■ **Given information**
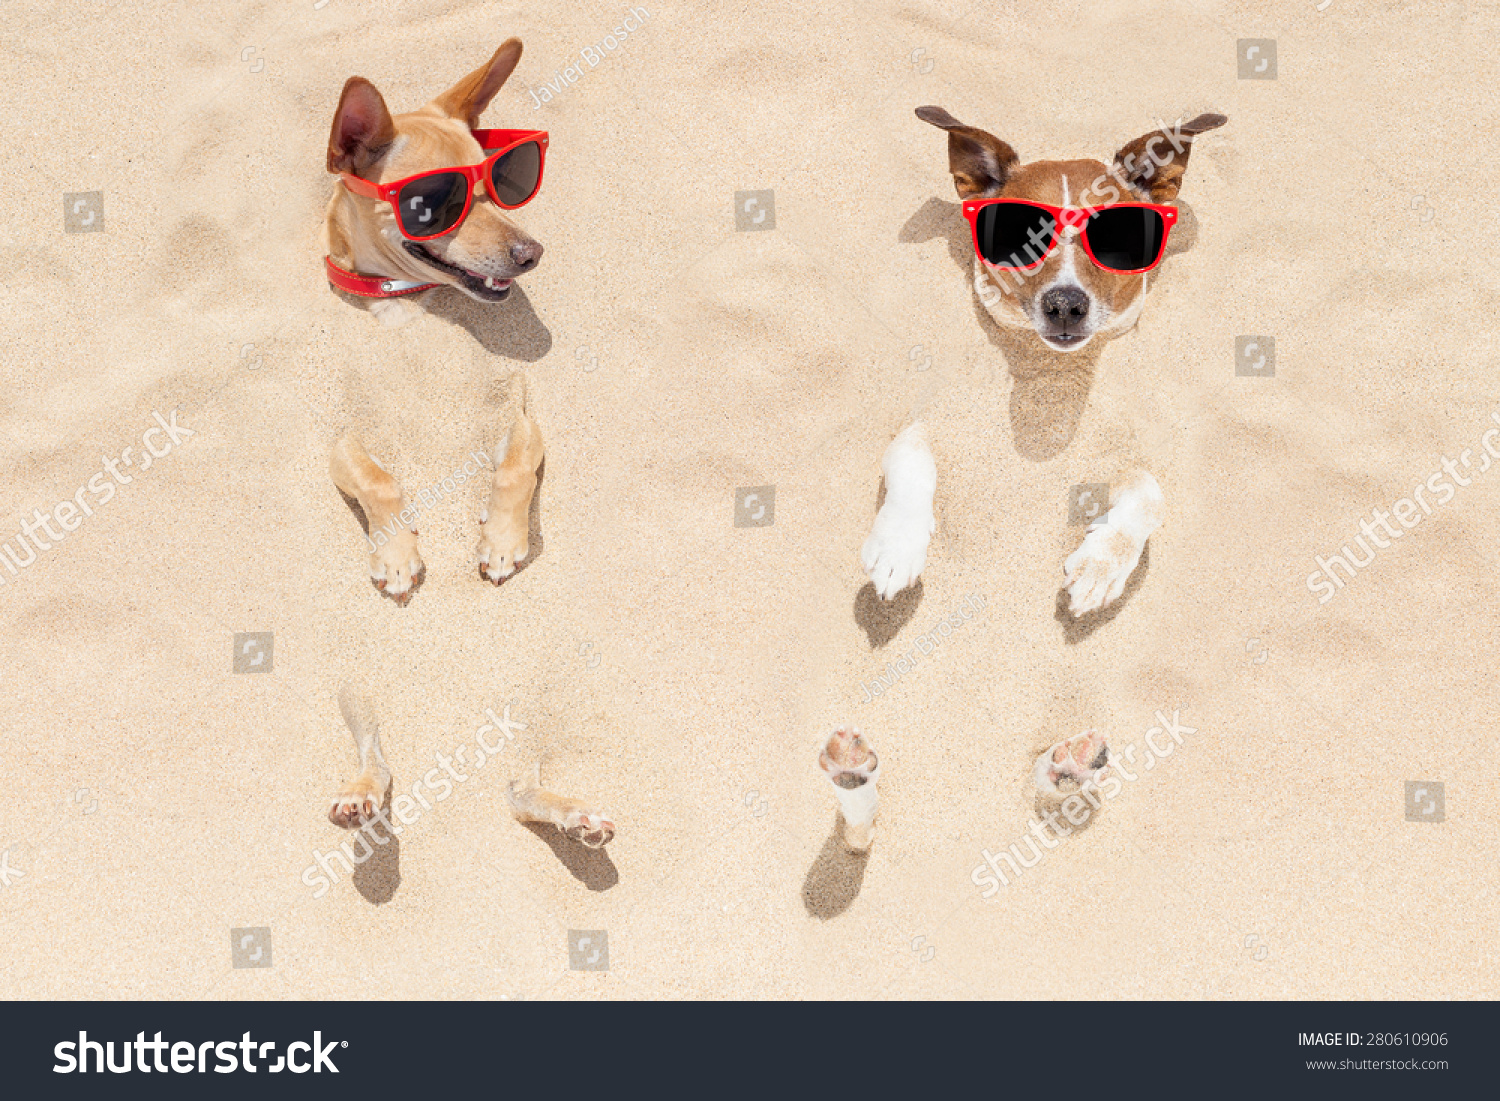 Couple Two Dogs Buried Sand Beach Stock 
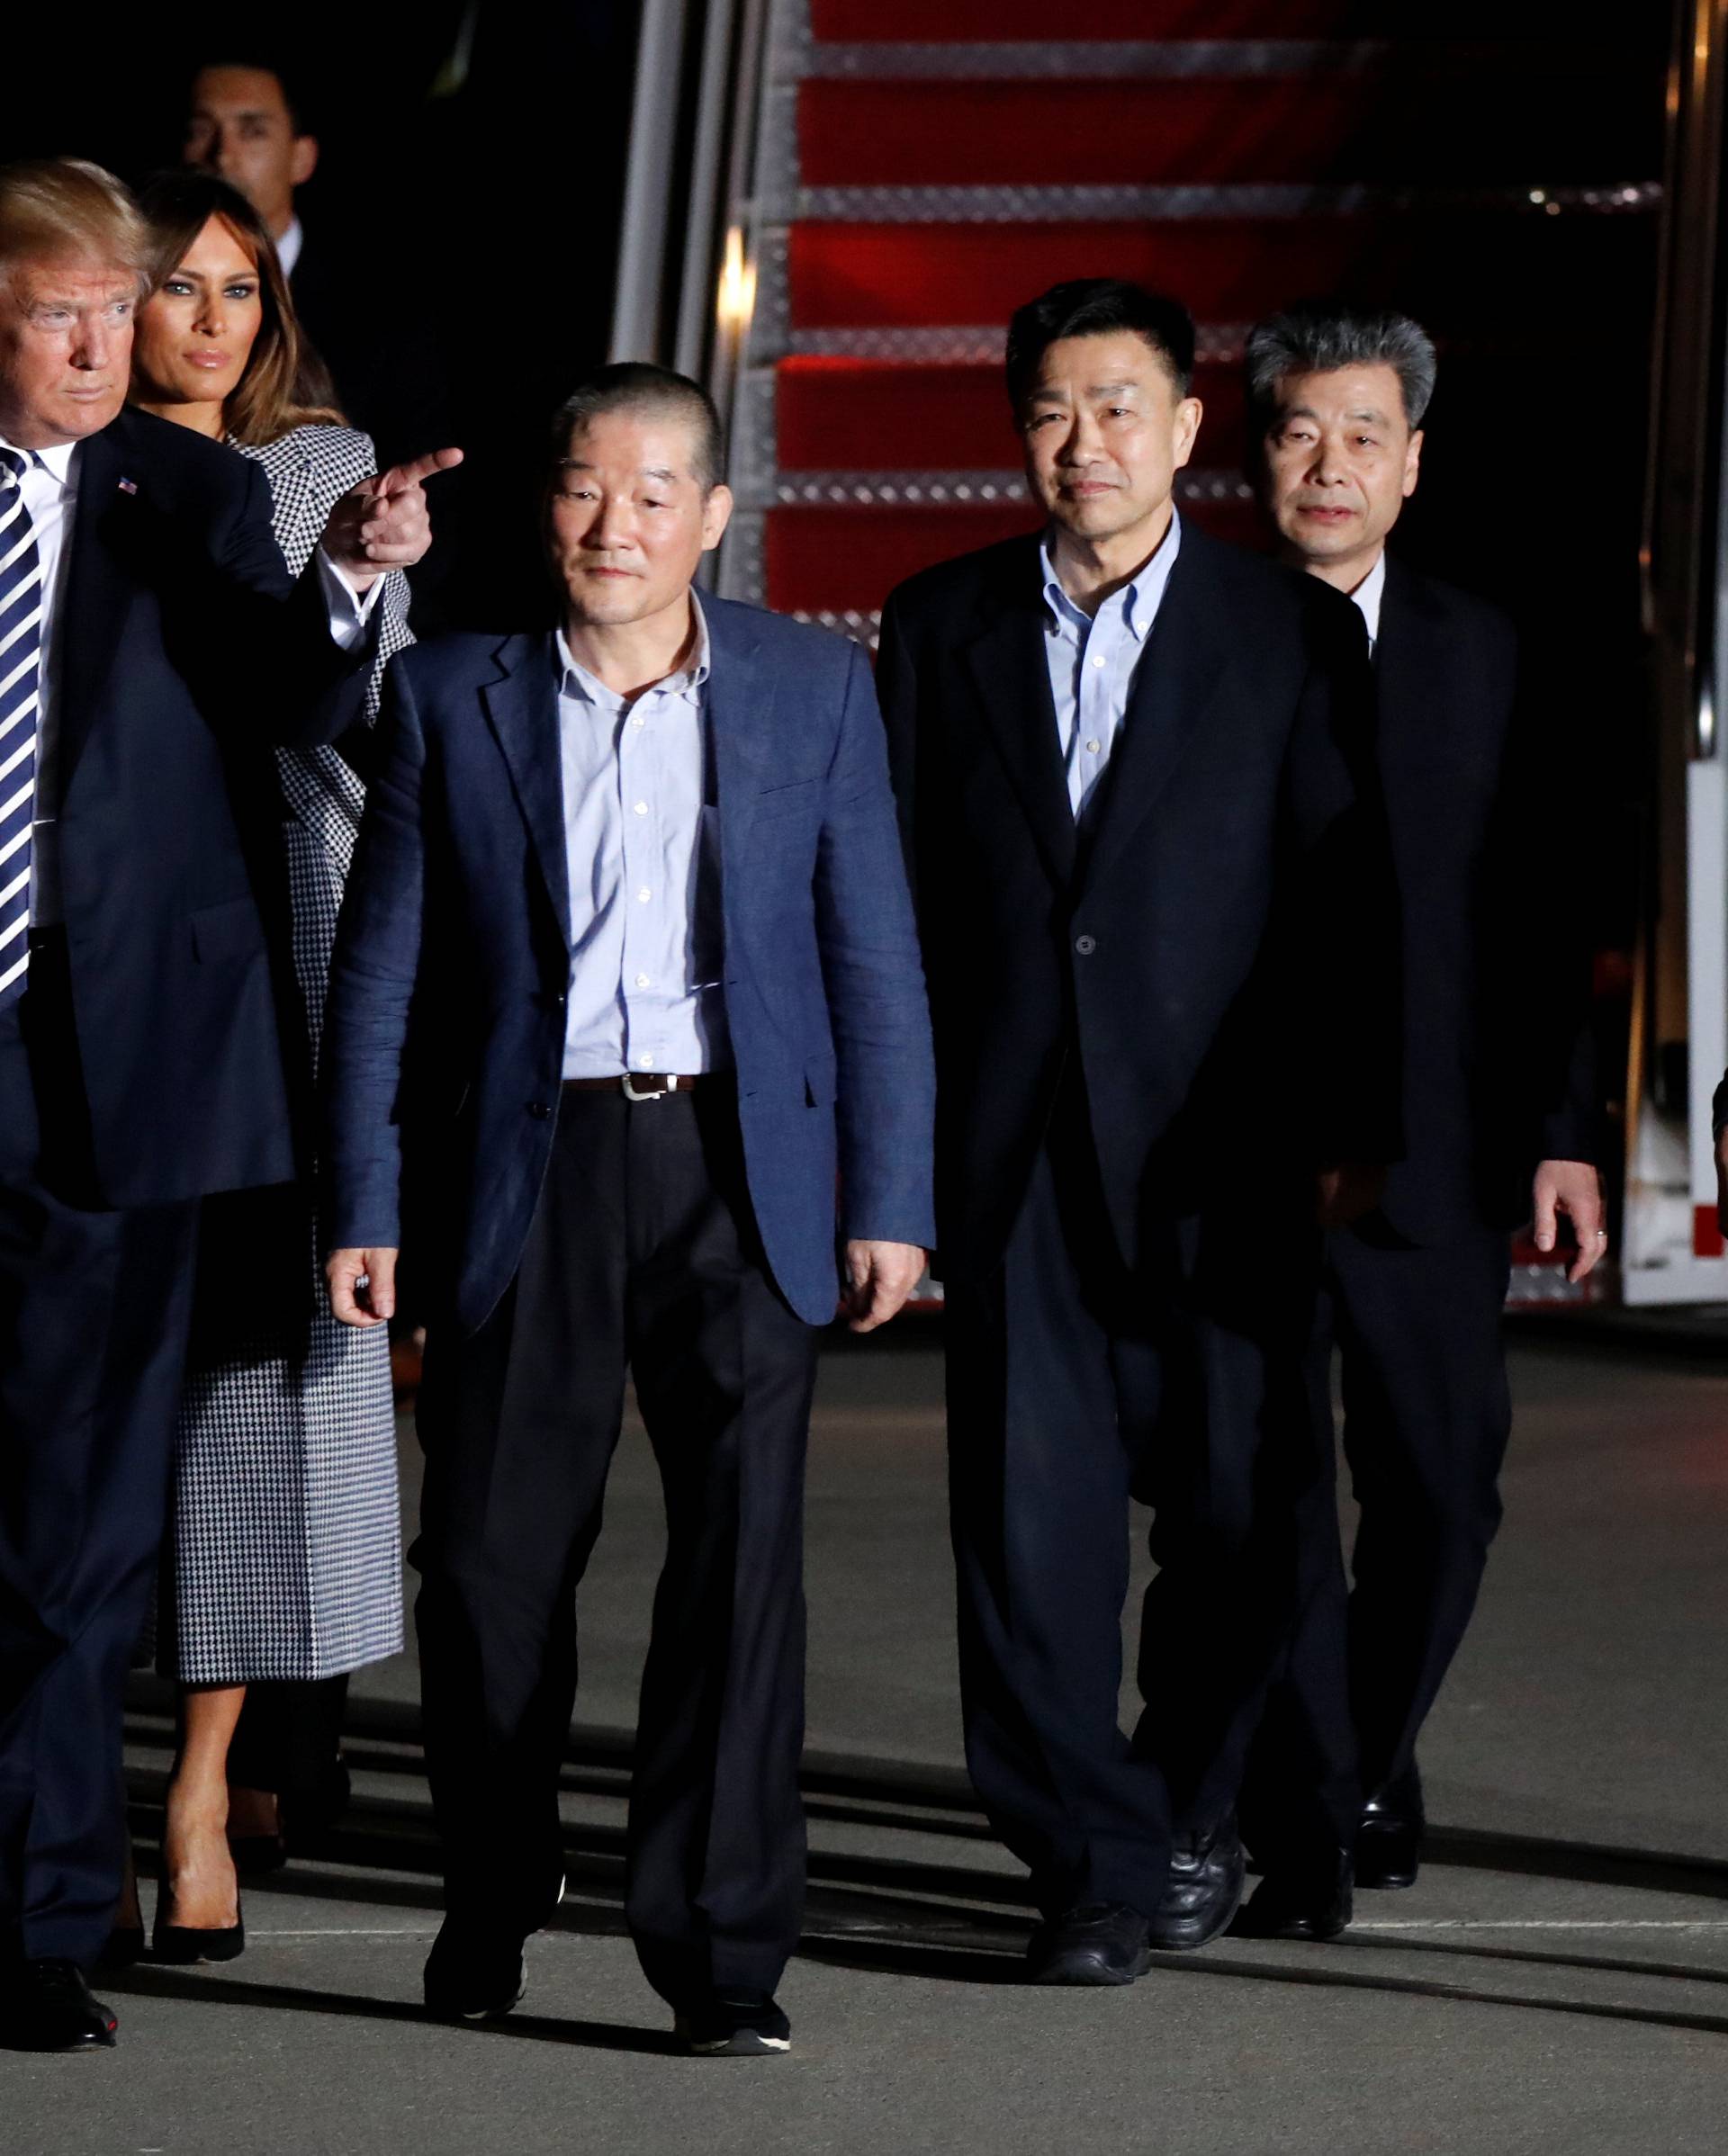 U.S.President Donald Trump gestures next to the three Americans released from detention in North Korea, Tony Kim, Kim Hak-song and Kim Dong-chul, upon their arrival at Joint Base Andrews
--
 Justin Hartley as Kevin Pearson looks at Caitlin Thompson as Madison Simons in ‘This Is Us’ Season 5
...
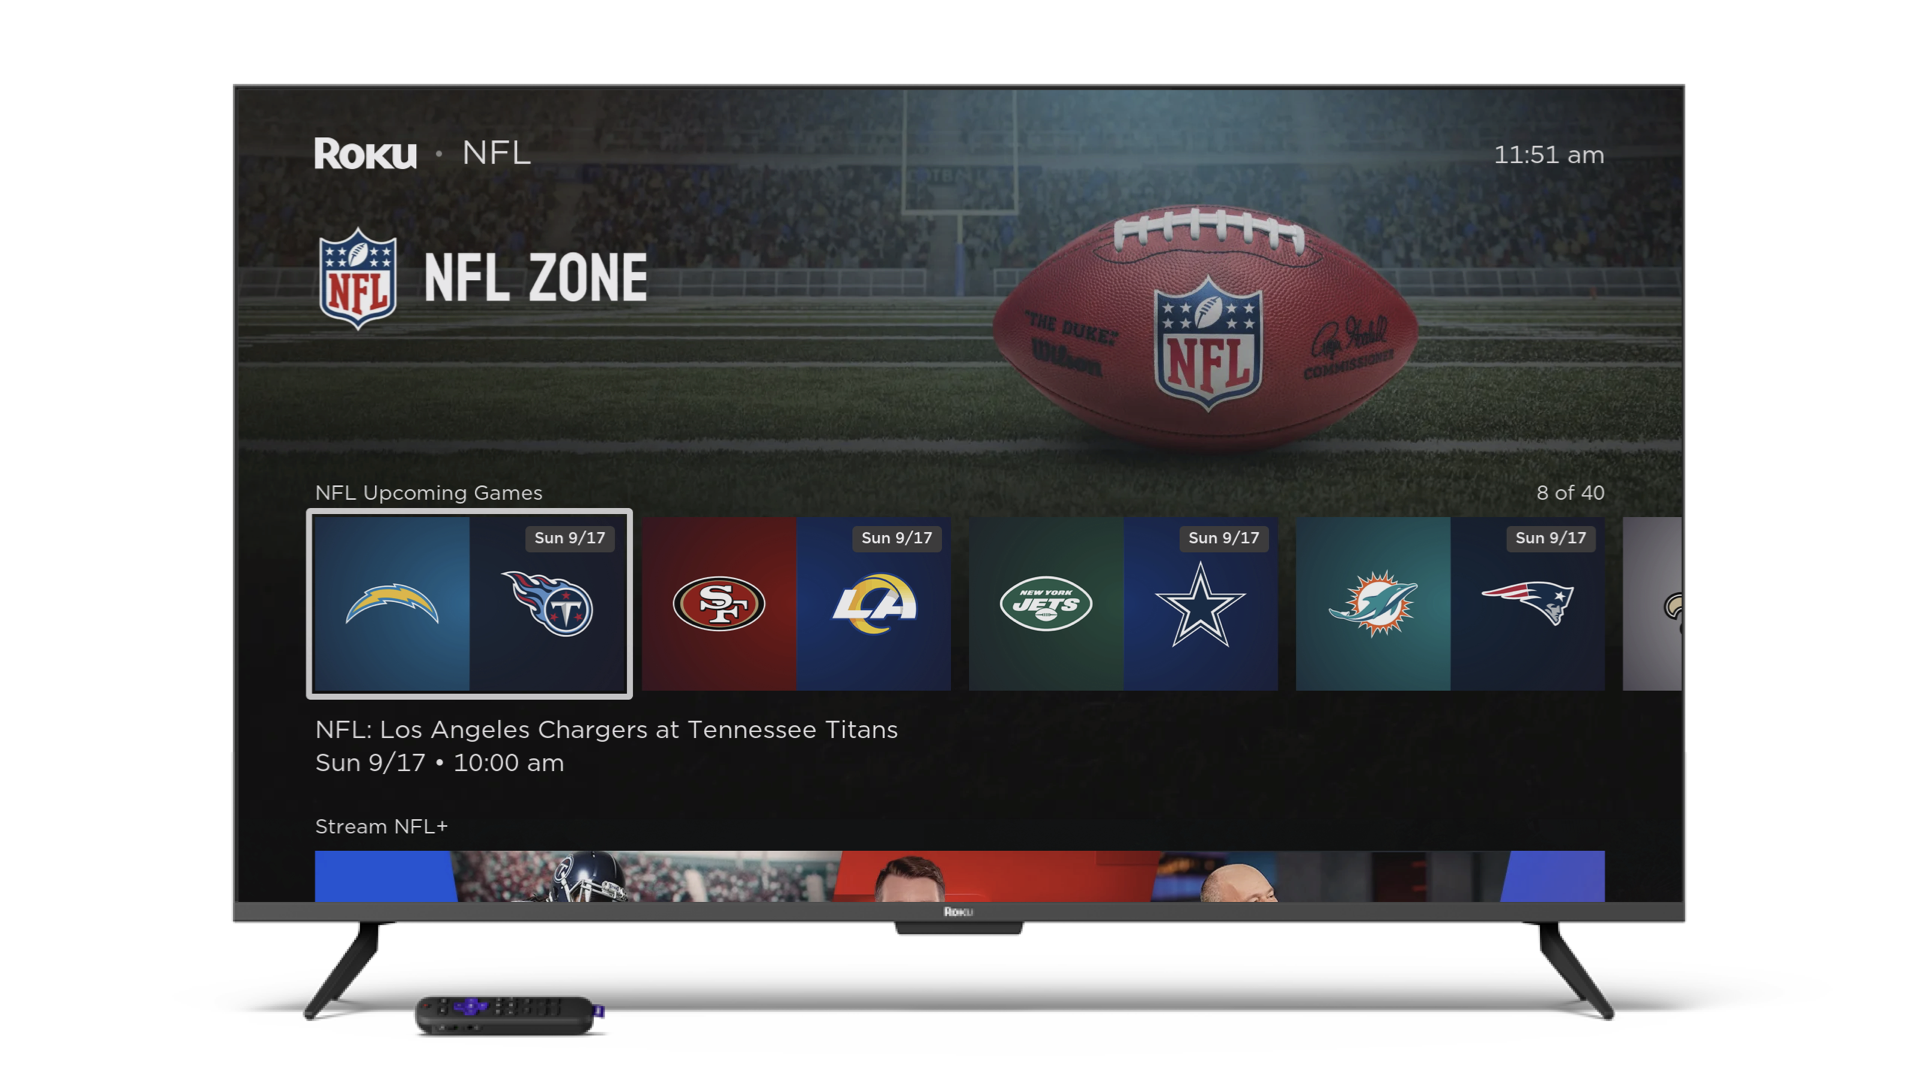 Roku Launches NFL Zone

■ **Assignment**
For this exercise, reproduce exactly the lines of the records above from the one with "Couple Two Dogs Buried Sand Beach Stock" up to and including the one with "U.S.President Donald Trump", without pictures.

■ **Completed task**
 Couple Two Dogs Buried Sand Beach Stock 
 U.S.President Donald Trump gestures next to the three Americans released from detention in North Korea, Tony Kim, Kim Hak-song and Kim Dong-chul, upon their arrival at Joint Base Andrews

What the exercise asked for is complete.